Principal component analysis with varimax rotation showed that when including a large variety of pit lakes (limestone quarries to gold mines), the following parameters (apart from the radionuclides and ambient dose equivalent rate) explained most of the variance: pH, SC, and concentrations of Mg, K, Ca, Cu, Zn, Sr, and Pb. For surface sediments, the corresponding parameters were concentrations of Na, Mg, Al, P, K, Ca, Rb, Sr, Y, and Tl.

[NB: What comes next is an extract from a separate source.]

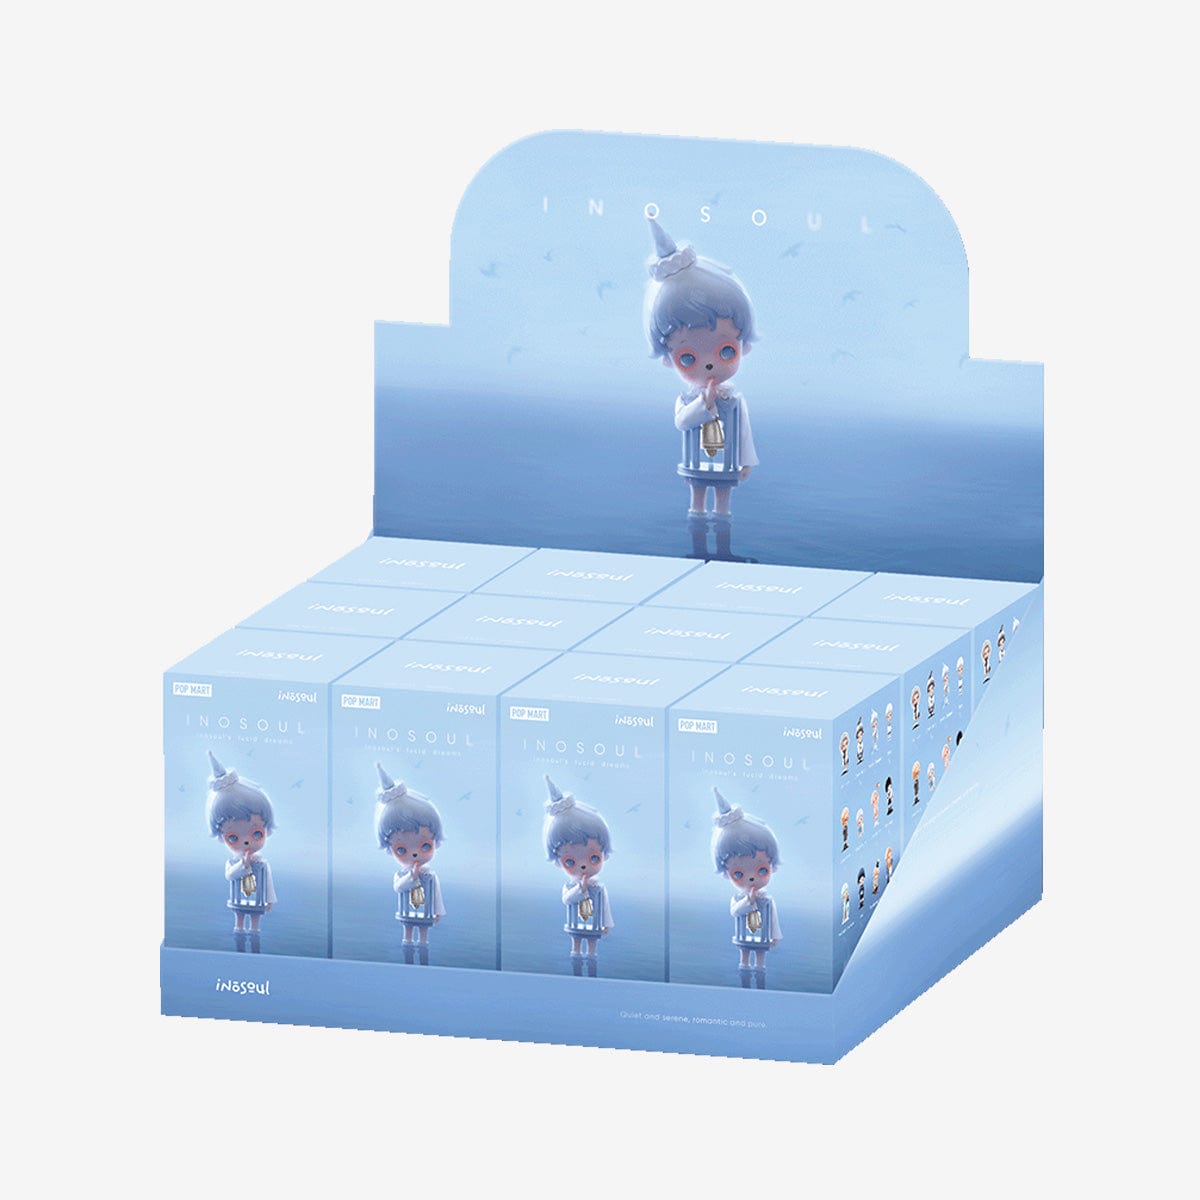 【Sale】inosoul's Lucid Dreams Series Blind Box

A correlation in the PCA between the concentration of Y and the activity concentration of 238U (234Th) in sediments and ambient dose equivalent rate was found. Therefore, we recommend including analysis of Y when studying naturally occurring radionuclides in the environment to follow this relationship further. Ambient dose equivalent rate was also closely positioned with the radionuclides in the PCA loading plots for surface sediment, indicating that ambient dose equivalent rate could be used as a substitute in PCA if radionuclide concentrations are not measured. The substitution is expected to be less good for surface water since the loadings for ambient dose equivalent rate is further away. Since ambient dose equivalent rate is relatively simple to measure, it is recommended to be included in general studies on lakes.